Ma question de départ était simple : Pourquoi Lacan dit qu’il n’y a pas le signifiant de la femme ? Et pourquoi cela ferait-il obstacle à une femme de dire sa jouissance ? Il n’y aurait vraiment pas une manière de contourner cet obstacle, cette « pierre au milieu du chemin », comme dirait le poète Carlos Drummond de Andrade [1].          

Préliminaires

Au départ, nous repérons que le thème de « la femme n’existe pas » est surtout traité dans les Séminaires XVIII, D’un discours qui ne serait pas du semblant [2], XIX, …ou pire [3],  XX, Encore [4]; et pour ce qui concerne le dire, « L’étourdit [5]» est le texte de référence. Tous sont des textes du début des années 70.

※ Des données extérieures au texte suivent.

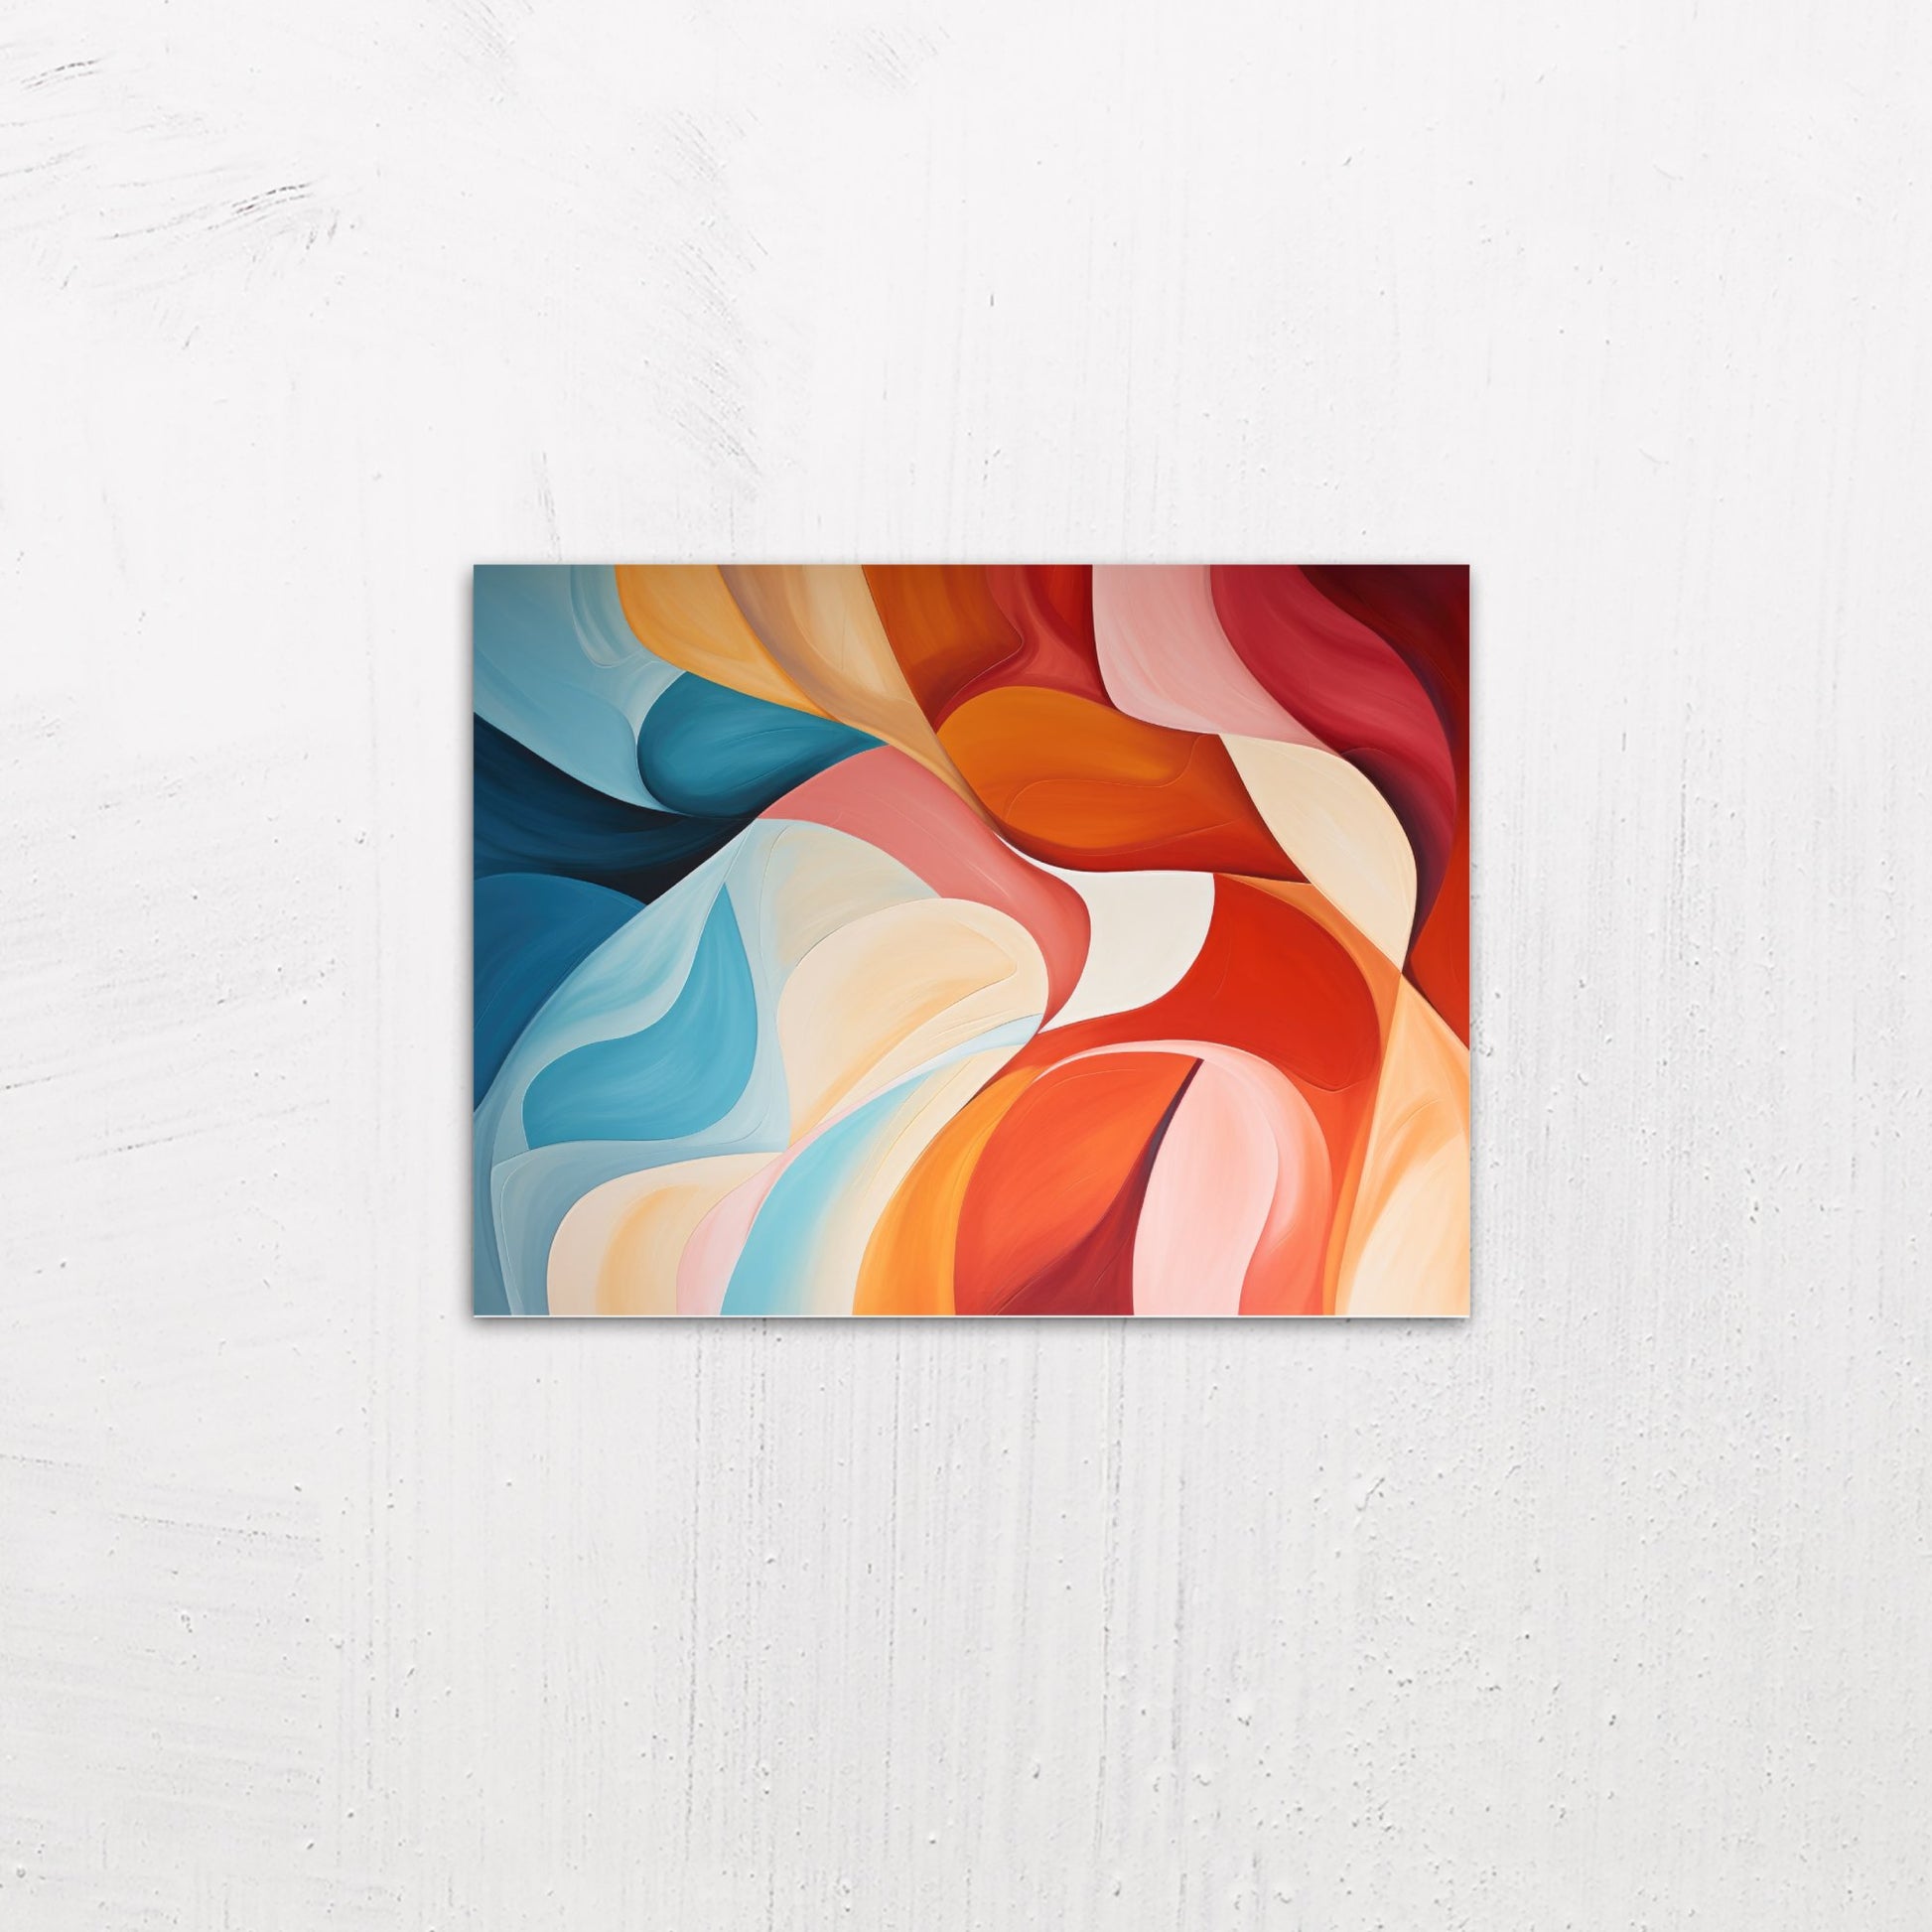 A small size metal art poster display plate with printed design of a Turbulence Abstract Painting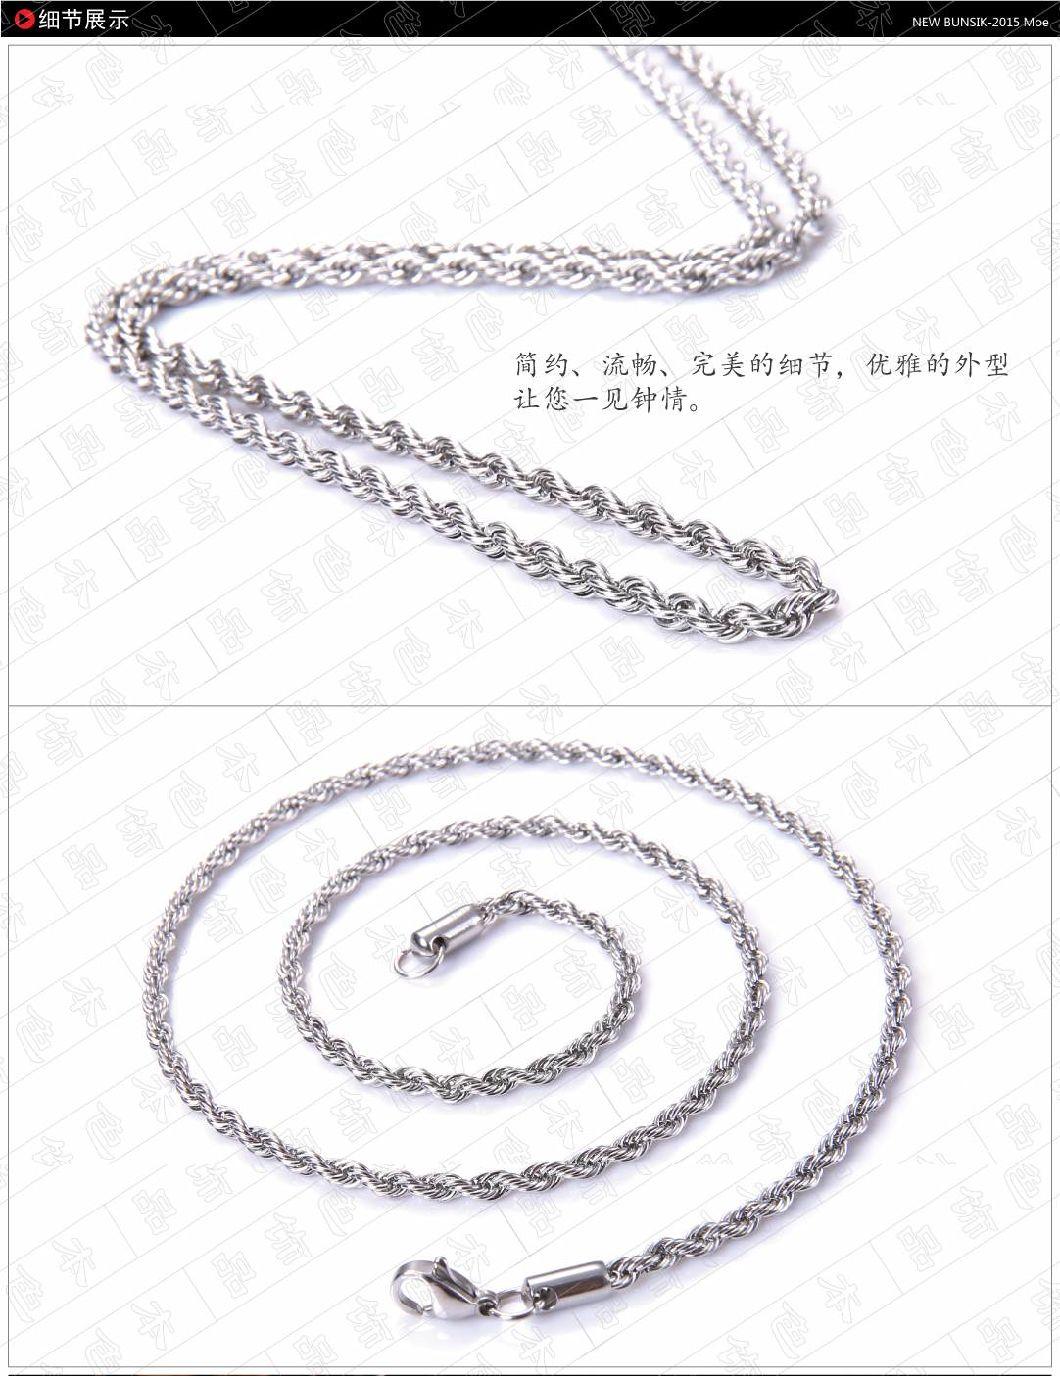 18K Gold PVD Plated Rope Chain 2.5mm-5mm Stainless Steel Chain Necklace for Unisex Chains 16 Inches to 36 Inches

Si nous prenons un point de vue, disons, continuiste, il nous sera utile de nous munir d’une des boussoles de J.-A. Miller, celle qui se trouve dans le volume El ultimísimo Lacan [6] (Le tout dernier Lacan), publié à Buenos Aires en 2014. Prenons la boussole « Périodes de l’enseignement de Lacan » :

I – période imaginaire : le stade du miroir.

II – période symbolique : contient 3 types de structure :

1) structure mathématique : où le signifiant se présente articulé.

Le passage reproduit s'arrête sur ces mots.